759 Comments on AMD Radeon R9 Nano Review by TPU...Not
BTW, fyi, the German site PC Games Hardware will get a Nano sample. And people claim that it is one of the best, objective sites.
yeh again i'm Taking the piss
AMD fanboys are more extremist. They always bashing Nvidia for problems but in AMD case they trying to spin it in good light.
Another thought for you.
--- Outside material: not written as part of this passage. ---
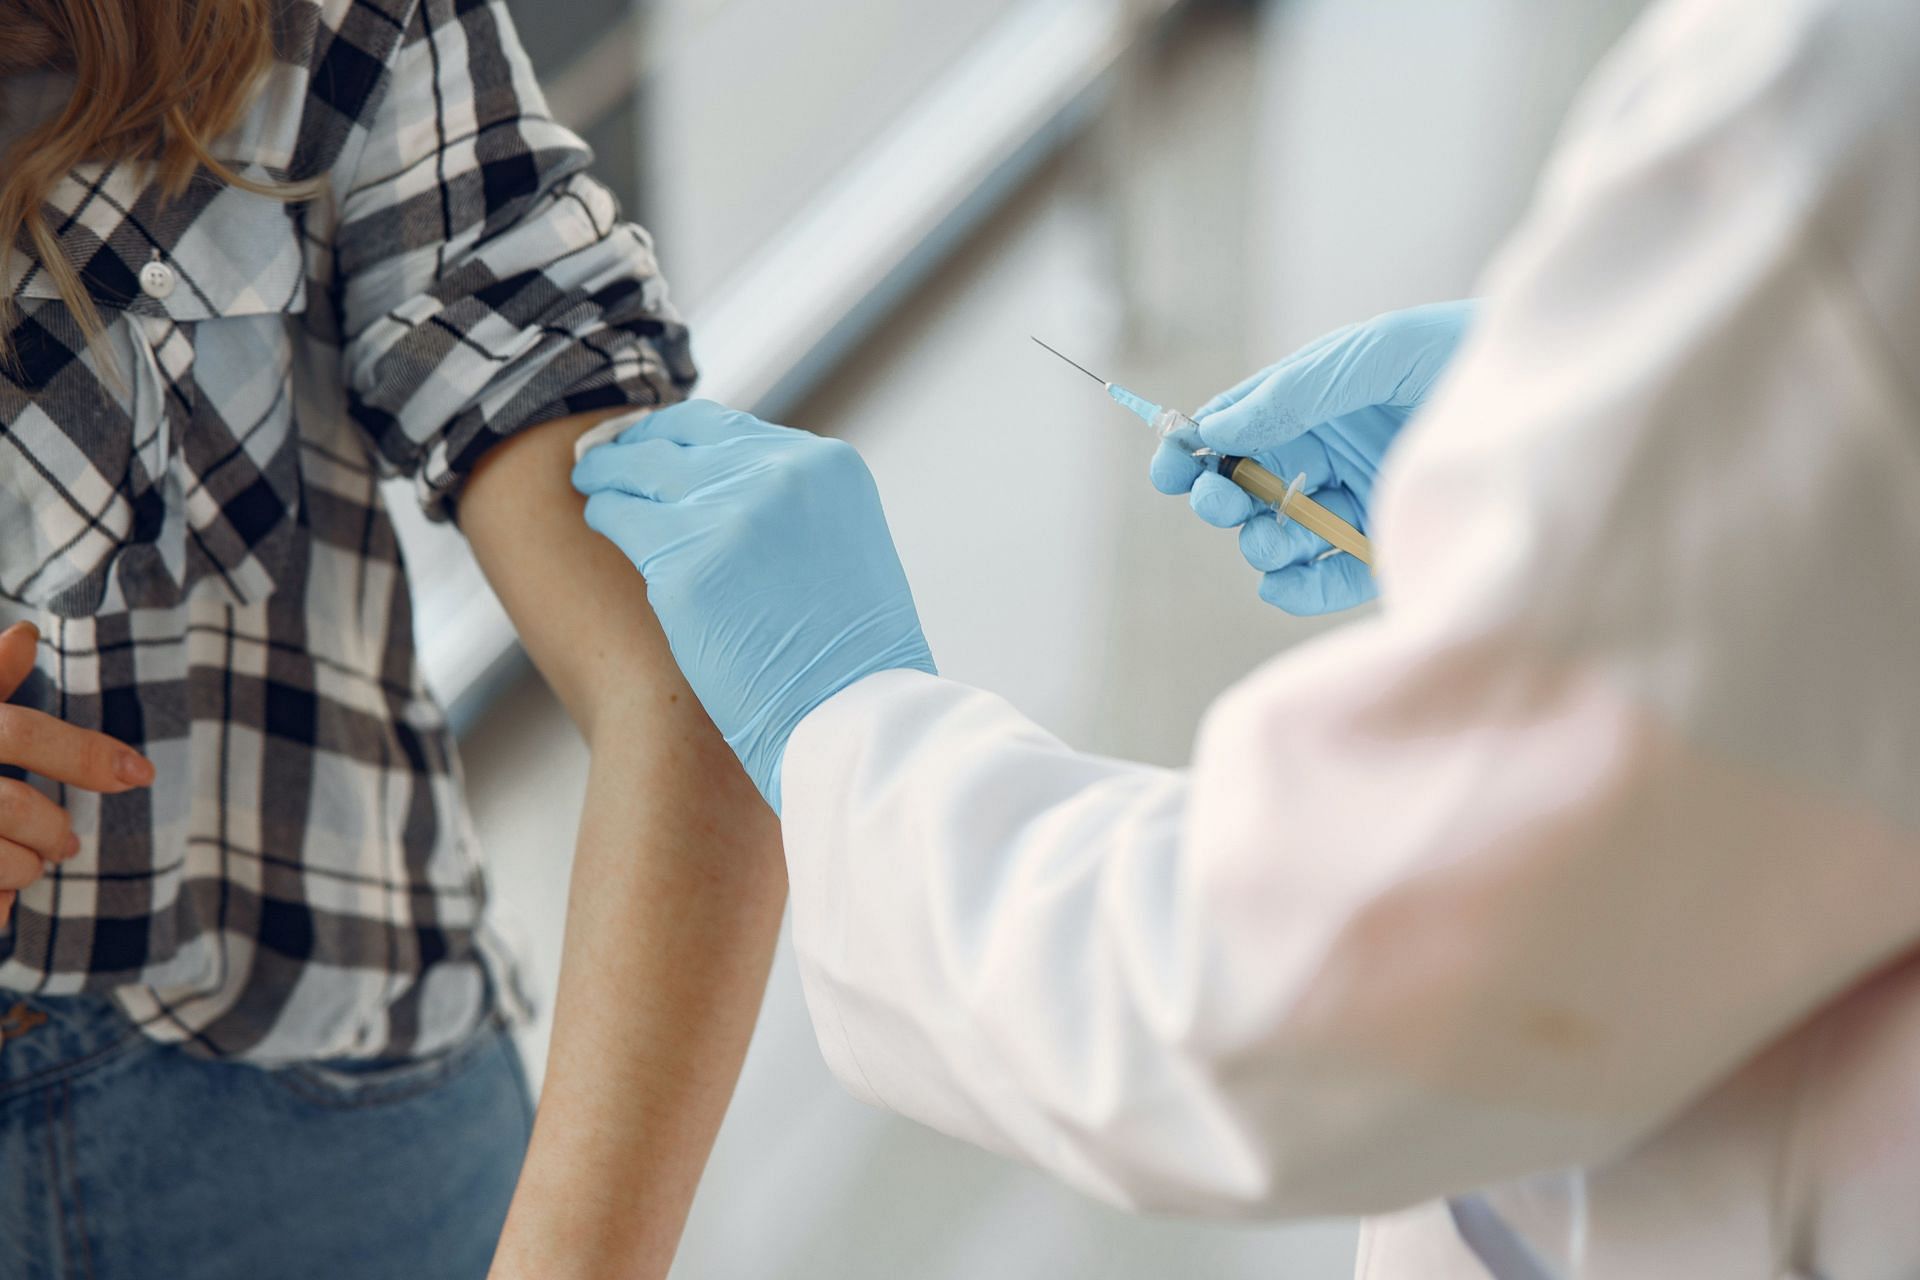 Getting vaccinated (Image source/ Pexels)

If your intent is to promote AMD then try to conduct yourself a little better if you want people to listen to you at all and buy AMD.
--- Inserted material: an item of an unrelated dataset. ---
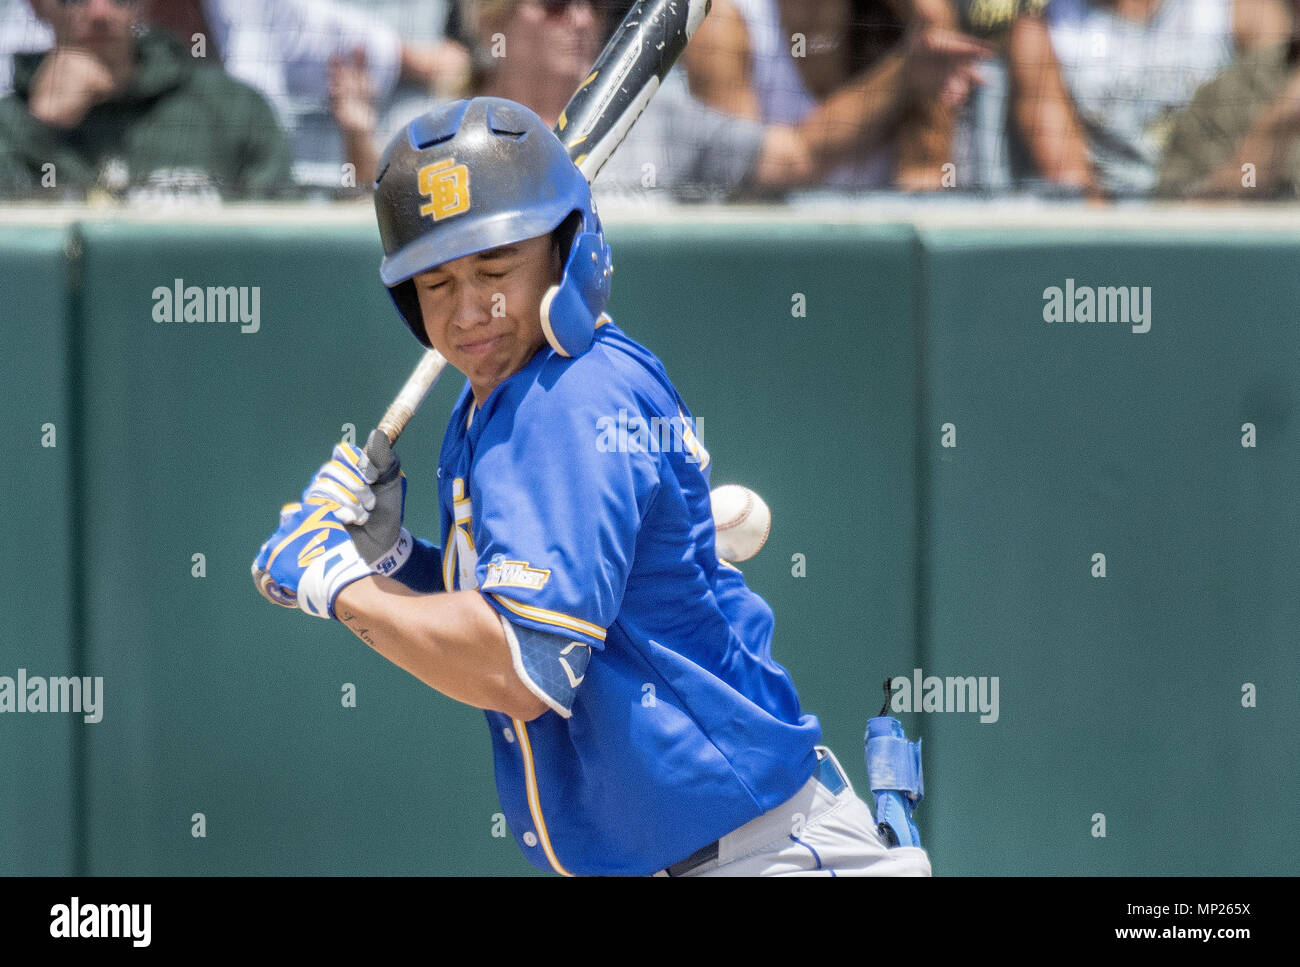 San Luis Obispo, California, USA. 20th May, 2018. UC Santa Barbara second basemen ANDREW MARTINEZ gets hit by a pitch in the first inning against Cal Poly, San Luis Obispo. Cal Poly would go on to win the game 9-3. Credit: Erick Madrid/ZUMA Wire/Alamy Live News Stock Photo

I need to post them somewhere tho, as I'm half serious.. :)
Sadly it's not.
Btw on a side note that reminds me...not badmouthing, but I found out H outsources some of his reviews. (not the right word)
A couple of motherboard tests which I read had dubious overclocking results.....when I asked who tested it he said the review was sent in.. lol I imagine he does the GPU tests tho.
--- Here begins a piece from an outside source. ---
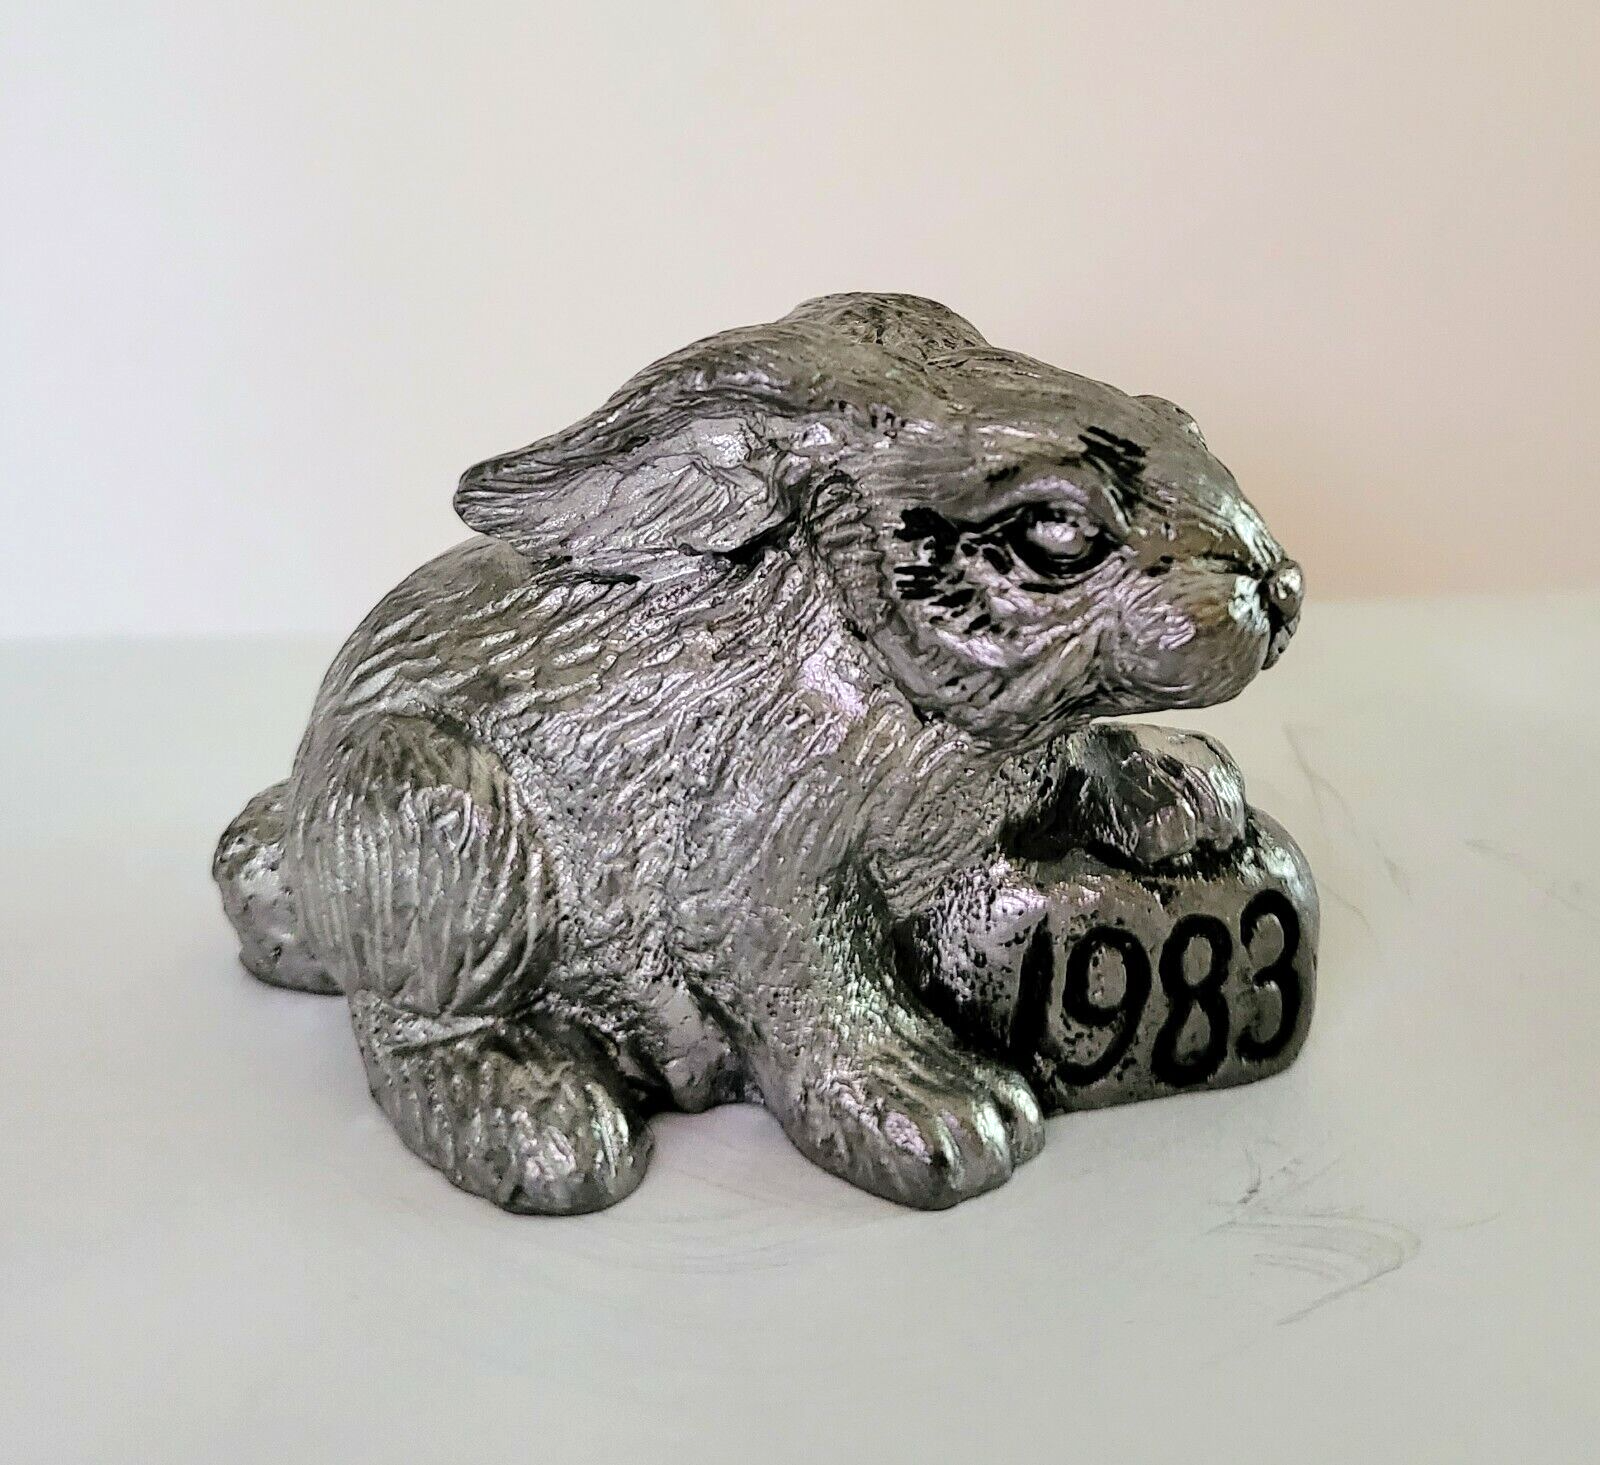 Vintage Michael Ricker Pewter Bunny Rabbit Figurine Dated/Signed Rock 1983 #2977 - $19.99

I stopped visiting AT when Tom's bought the site.
There are a little over 650 good reasons they aren't giving this site a card. It will definitely be on the BOTTOM of the performance/dollar chart.
It's sad. I've been humping AMD's leg for almost 20 years now. I mean, honestly, SIX HUNDRED AND FIFTY DOLLARS?:laugh::roll::laugh::mad::banghead::cry:
BTW, your post is wonderful. First you accuse the others of attacking and saying that you are tired of that. Then you make two comments full of irony in that same post.
Start including a "performance/cm2" chart!
a.) It runs much more cooler than most AMD chips & it's older brother; Fermi across ALL levels of loads
b.) Despite costing slightly more than a mid-range AMD card, it's a whole lot faster & doesn't hurt your utility bills on a yearly basis
c.) it's a real world performer than a vendor that relies heavily on paper benches where testing methods are irrelevant
d.) All Nvidia cards that has a Boost profile that hardly reach it's thermal ceiling of 82C & runs on stable, consistent boosted clocks well below the limit unlike AMD where it needs to throttle down a lot to prevent overheating.
e.) *not showing off* My main rig hardly eats 350W, 2nd one is barely 270W & NAS Box that can play MOBA games hardly eat 150W off the walls. On idle? all barely use 30W off the wall. Wattage is measured by whole system, not the card.
So tell me am I a blind supporter of the Green Camp since Day 1 OR you're just plain jelly that those who knows what's a good card & spend their money on them is pissing you off. Perhaps the whole Intel x NVIDIA setup rigs is making you cringe, whether it's single GPU or those high end SLI ones complete with custom watercooling kit from brands like EKWB built by renowned companies like Cyberpower PC, ORIGIN PC & Scan Computers?